Proposed new route for Summit pipeline would impact 12 Iowa counties

(Iowa Capital Dispatch) – Summit Carbon Solutions announced today (Wednesday) it is altering the route of its proposed pipeline across Iowa to help “accelerate progress” on the project. In a new filing submitted to the Iowa Utilities Commission for approval, the company indicates it intends to move segments of the pipeline’s proposed route, which the company says will result in fewer miles of land, and fewer landowners, being affected by the project.

If approved, the changes would remove previously planned routes through Shelby, Pottawattamie, Montgomery, Adams, Page, Fremont, Mitchell and Worth counties, while also reducing the miles of pipeline running through Crawford, Floyd, Sioux and Dickinson counties. Overall, Summit said, the changes would reduce by more than 400 the number of different landowners affected by the pipeline, and would reduce the overall scope of the project by approximately 200 miles.

Sherri Webb, whose family owns 40 acres of Shelby County land that the pipeline would have cut across under the previously planned route, said Wednesday’s announcement is good news for her family but she remains concerned about the overall project. Webb said Wednesday’s announcement leaves some questions unanswered such as what will happen with some of the signed easements that property owners have with Summit to let the pipeline cross their land.

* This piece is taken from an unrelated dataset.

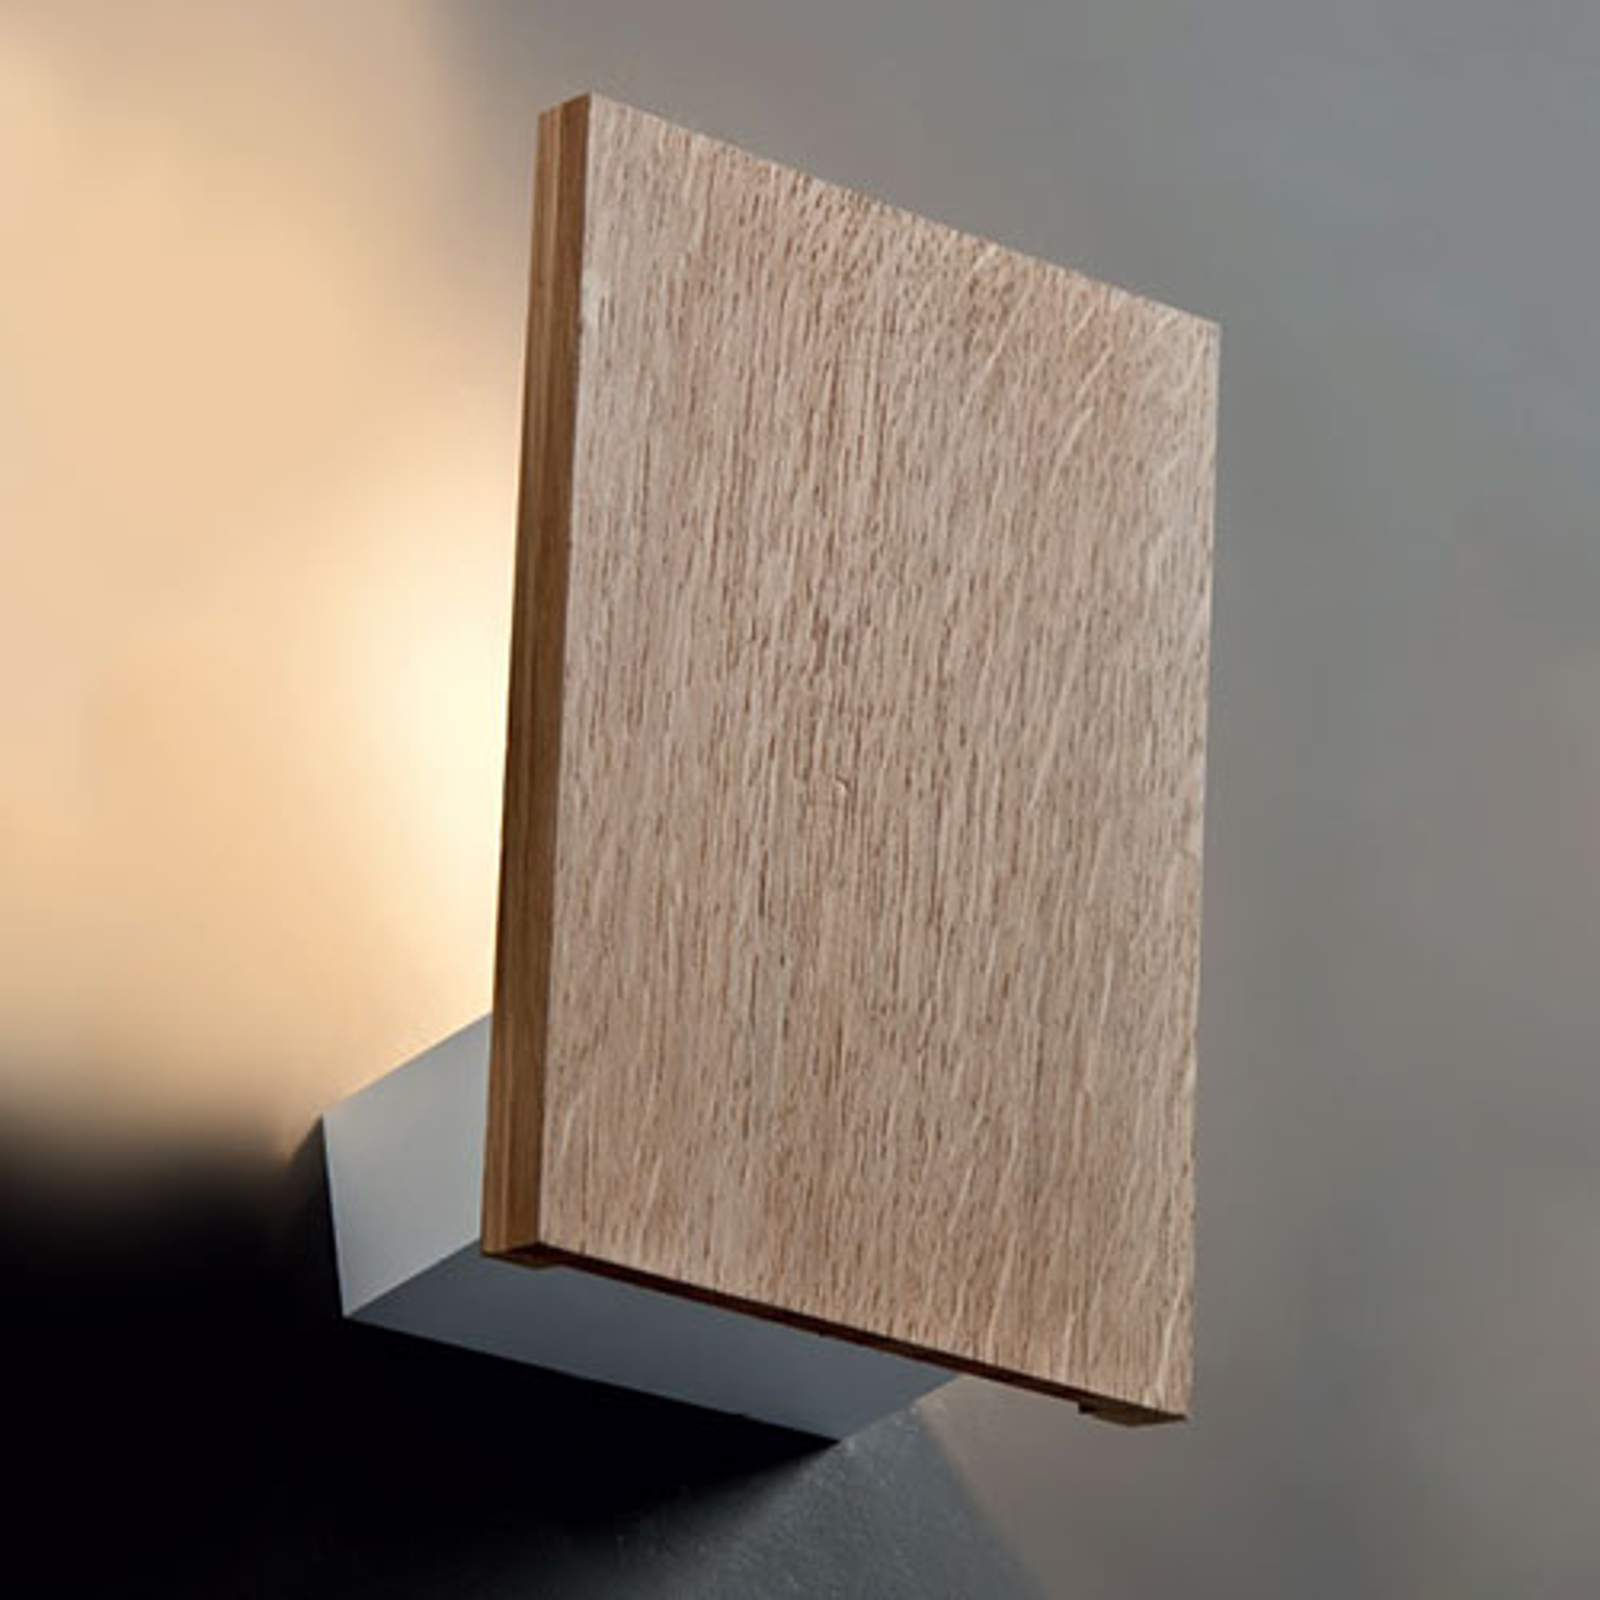 Houten wandlamp Flat met LED
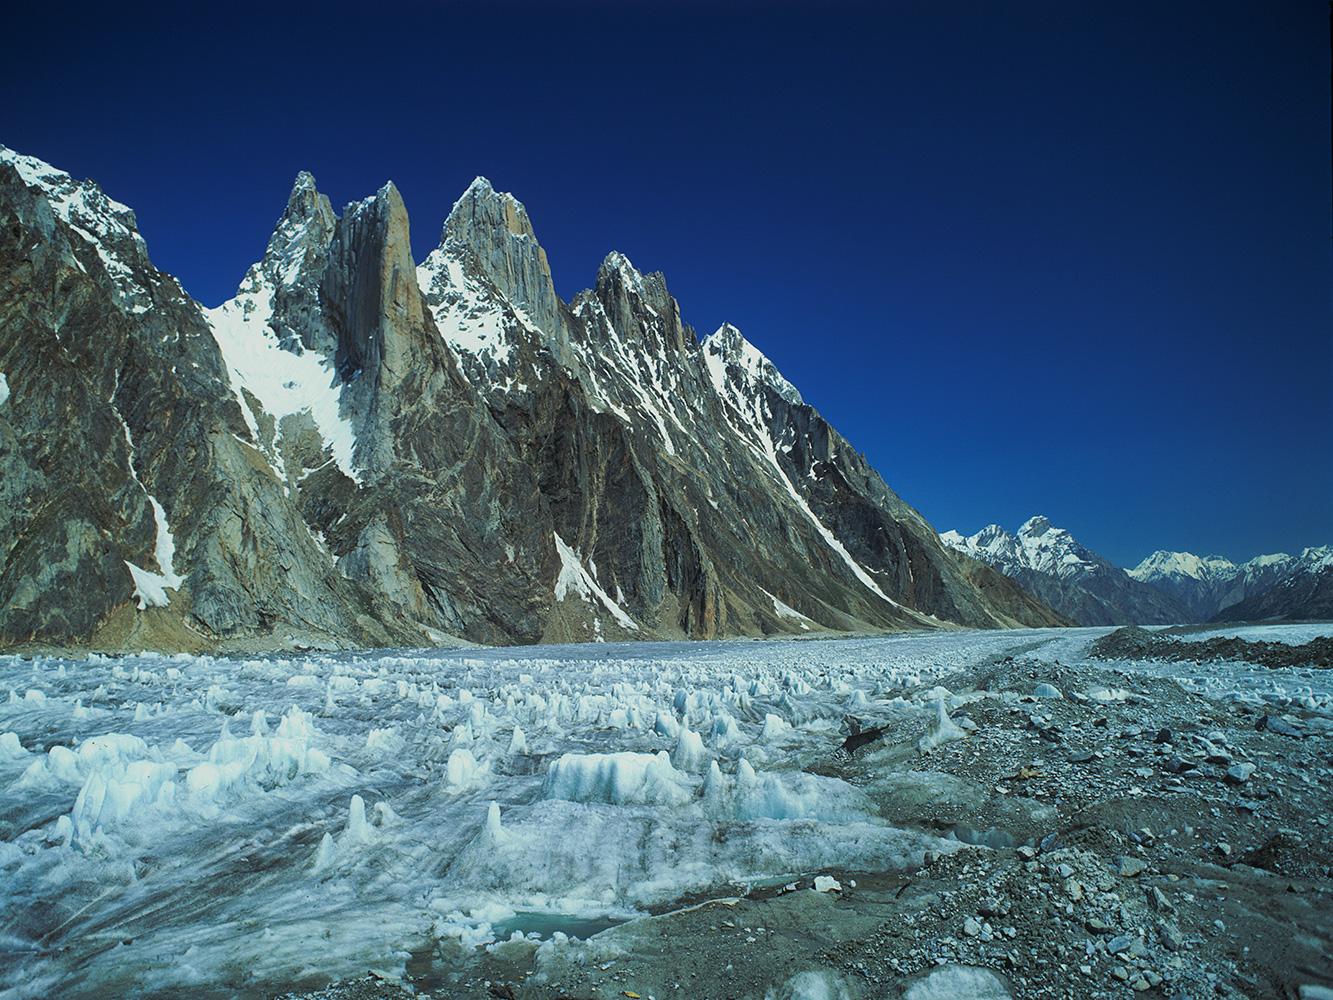 Central Karakoram, Pakistan

In June 2024, the Iowa Utilities Commission approved a permit for Summit Carbon Solutions to build more than 600 miles of a carbon sequestration pipeline in Iowa, with the condition that the company gain permits in the Dakotas before beginning construction. The Iowa Chapter of the Sierra Club, along with several Iowa counties and individual landowners, sued, hoping to overturn the IUC’s permit approval.

Last fall, after South Dakota denied Summit a permit and passed a law barring the use of eminent domain for carbon pipelines, Summit filed a petition with the IUC  to amend its approved permit by removing the condition that required approval in the Dakotas and by adding add several modifications to the company’s plans.

Summit said Wednesday that its pipeline project will remain tied to what it called “a strong core group of ethanol facilities,” including 27 that are located in Iowa. As part of the proposed route restructuring, the company will no longer pursue routes to ethanol facilities tied to Absolute Energy, POET Corning, POET Hanlontown, or Green Plains Shenandoah.